Тут Сталин дал некоторые советы по конкретным вопросам. Я воспринимал их с большим удовлетворением. Молотов при этом подавал реплики, поддерживая мысли Сталина.

– Вас мы хотим направить в США не на месяц и, возможно, не на год, – добавил Сталин. Он внимательно посмотрел на меня и сразу же поинтересовался:

– А в каких вы отношениях с английским языком?

Я ответил:

– Веду с ним борьбу и, кажется, постепенно одолеваю, хотя процесс сложный, особенно когда отсутствует необходимая разговорная практика.

И тут Сталин дал совет, который меня несколько озадачил, одновременно развеселил и, что главное, помог быть мне менее скованным в разговоре. Он сказал:

– А почему бы вам временами не захаживать в американские церкви, соборы и не слушать проповеди церковных пастырей? Они ведь говорят на чистом английском языке. И дикция у них хорошая. Ведь многие русские революционеры, находясь за рубежом, прибегали к такому методу совершенствования иностранного языка».

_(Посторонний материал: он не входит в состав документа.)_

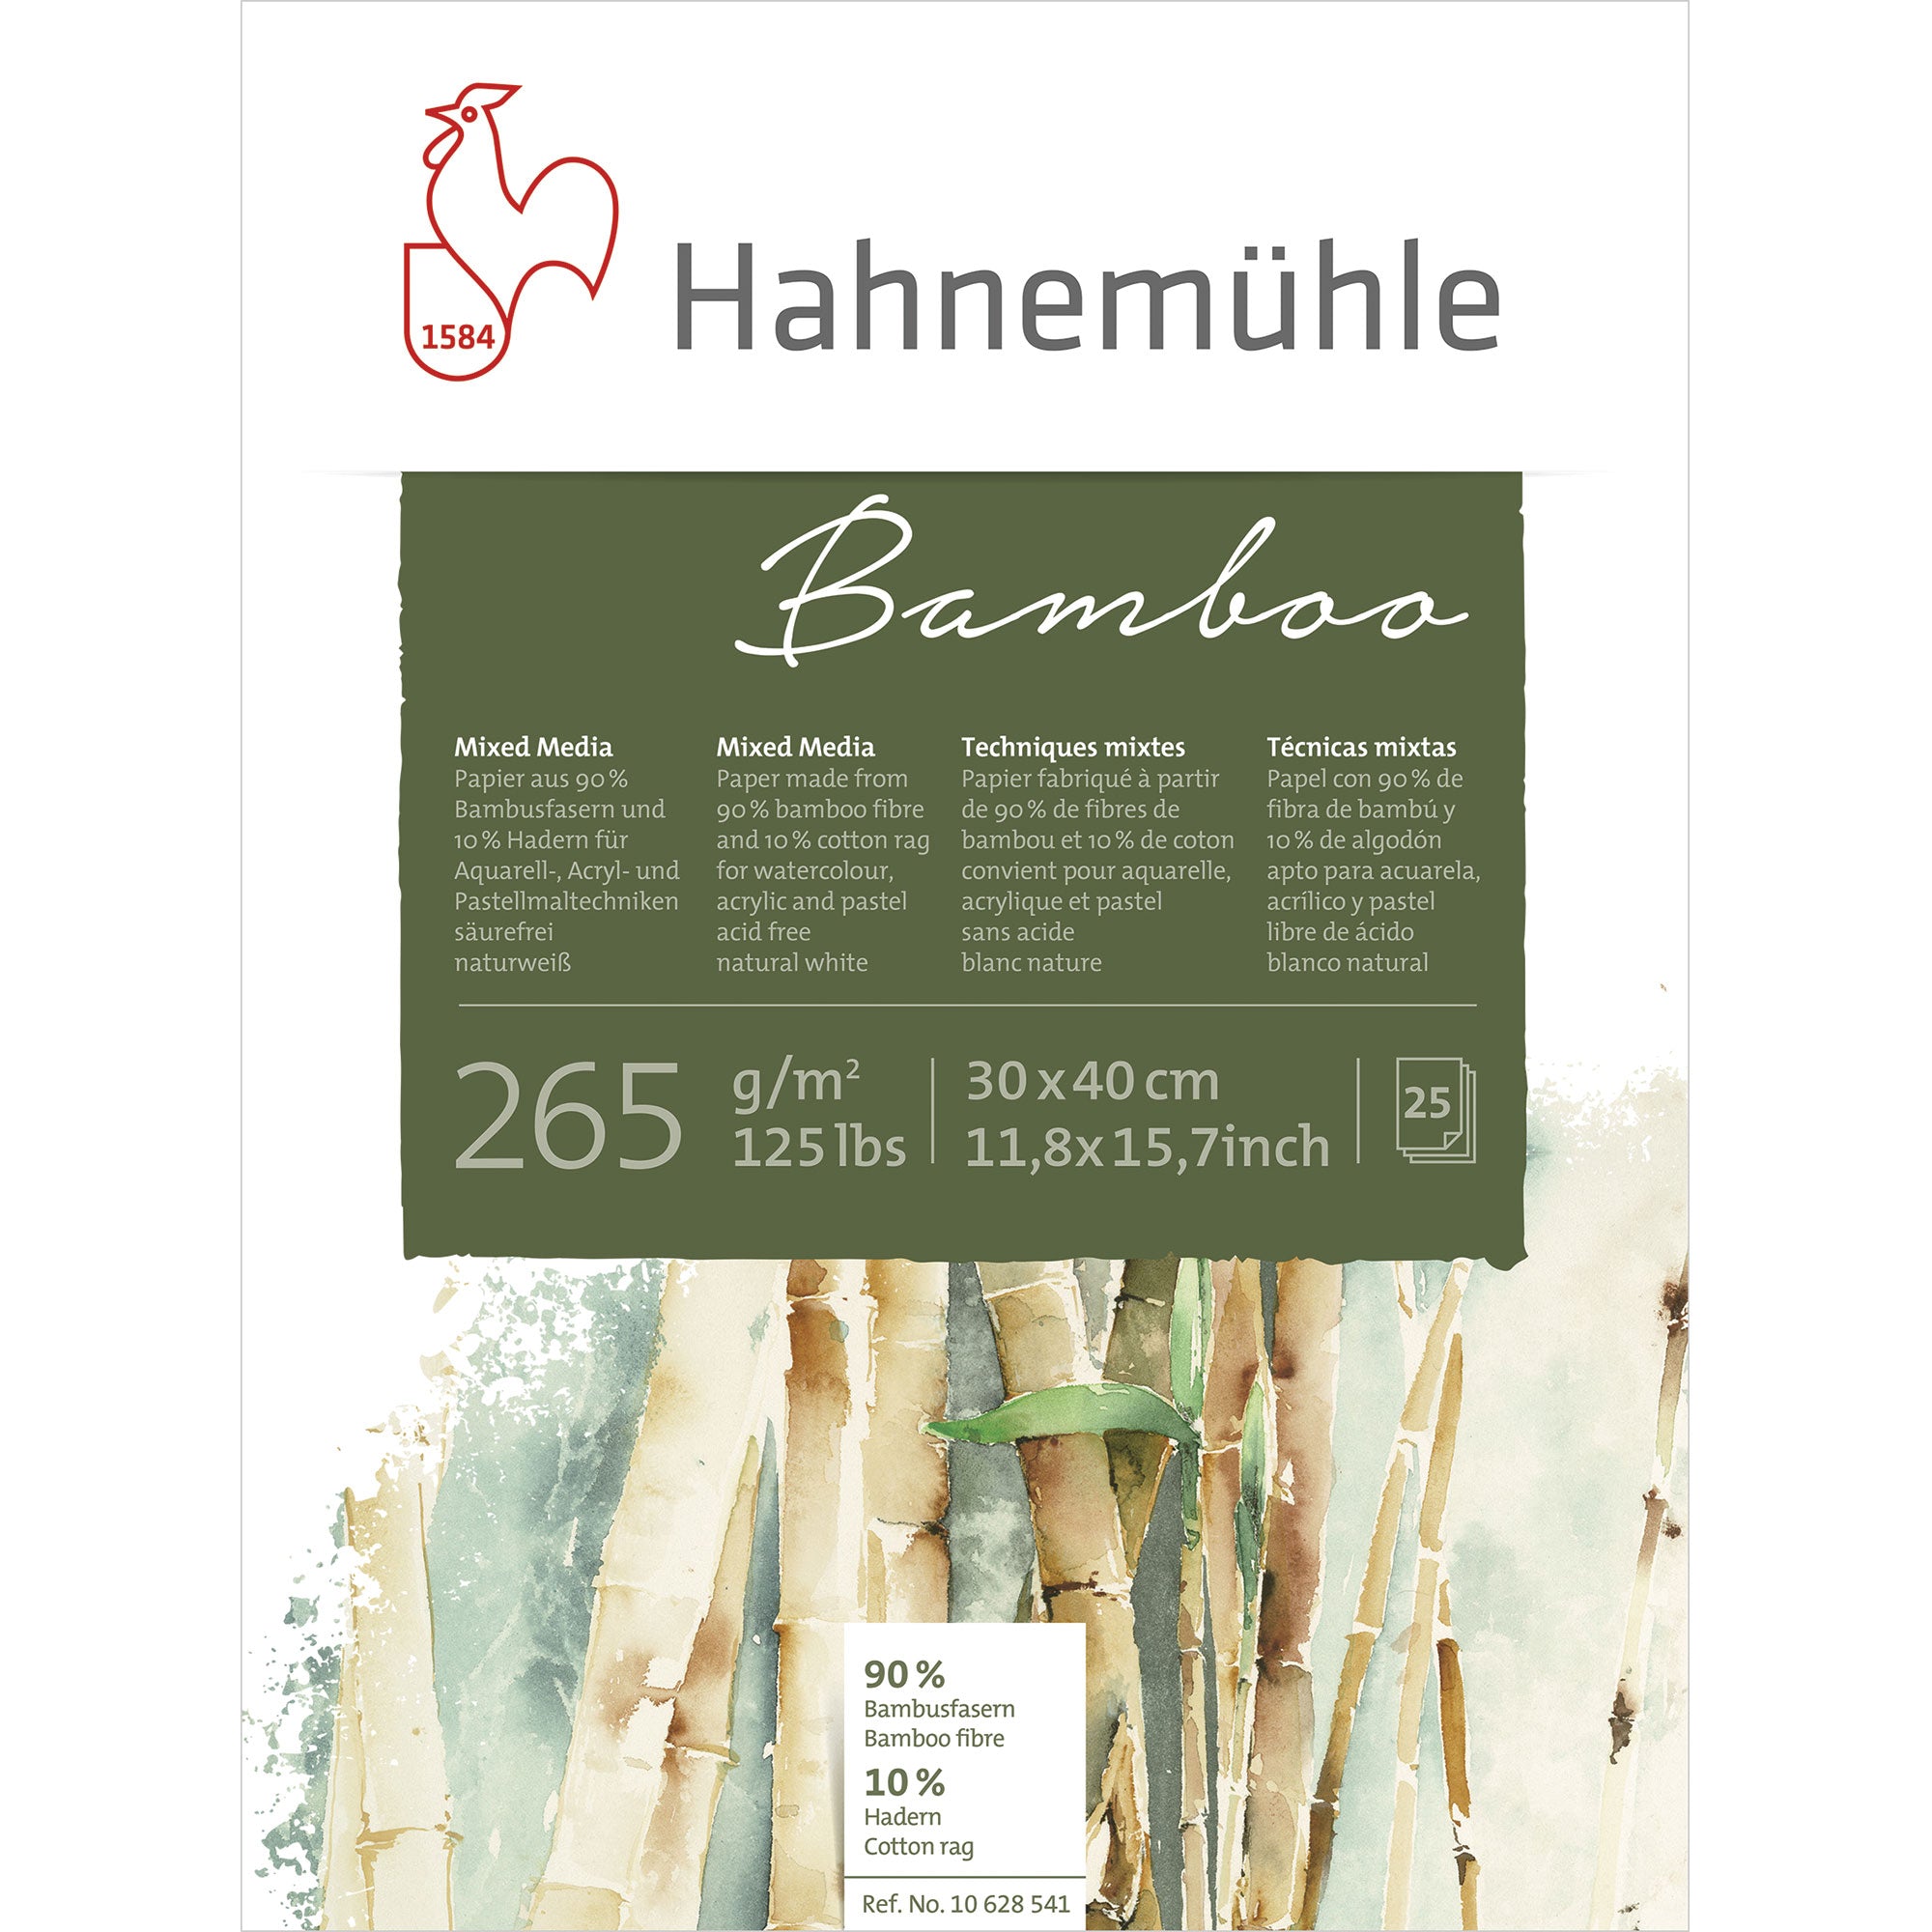 Hahnemühle Bamboo Mixed Media Paper Pads - 30x40cm

Это внимание к исполнителям, очевидное стремление помочь в решении поставленных перед ними задач являлось характерной чертой вождя. Александр Яковлев вспоминал случай, когда ему было поручено «важное задание. Сталин сказал: «Дело срочное, выполнить его нужно быстро. Чем помочь?» Я говорю: «Ничего не нужно, все у меня есть для того, чтобы сделать».

– Хорошо, если что будет нужно, не стесняйтесь, звоните, обращайтесь за помощью.

Тут я вспомнил: «Товарищ Сталин, есть просьба! Но это мелочь, стоит ли вас утруждать?»

– А ну!

– При выполнении этого задания потребуется много ездить по аэродромам, а у меня на заводе плохо с автотранспортом, мне нужно две машины «М-1».

– Больше ничего? Только машины?

– Да, больше ничего.

Из Кремля я вернулся на завод. Встречает меня заместитель:

– Сейчас звонили из Наркомата автотракторной промышленности, просили прислать человека с доверенностью – получить две машины «М-1». (…) На другой день две новенькие машины уже были в заводском гараже. К вечеру позвонили из ЦК: спросили, получены ли автомашины. Это уже проверка исполнения».

В том же 1939 году B.C. Емельянов присутствовал на совещании работников танковой промышленности, проходившем в Овальном зале Кремля. Он вспоминал, что приглашенных было много. Среди них находились члены Политбюро Молотов, Ворошилов, Каганович, начальник Генерального штаба Б.М. Шапошников, руководители промышленности И.Т. Тевосян, Б.Л. Ванников, С.А. Акопов.

Сталин прохаживался рядом с длинным, покрытым красным сукном столом, на котором не было ничего, кроме двух коробок папирос и спичек. В одной руке у него был блокнот, в другой карандаш. Когда все приглашенные разместились, Молотов объявил, что в правительство внесен проект об изготовлении танков с новым типом брони.

– Кто доложит? – спросил Сталин, обращаясь к Павлову. – Вы говорили, что эта броня была в дальнейшем усовершенствована. Может быть, сразу послушаем автора предложения. Он здесь? Пригласили его?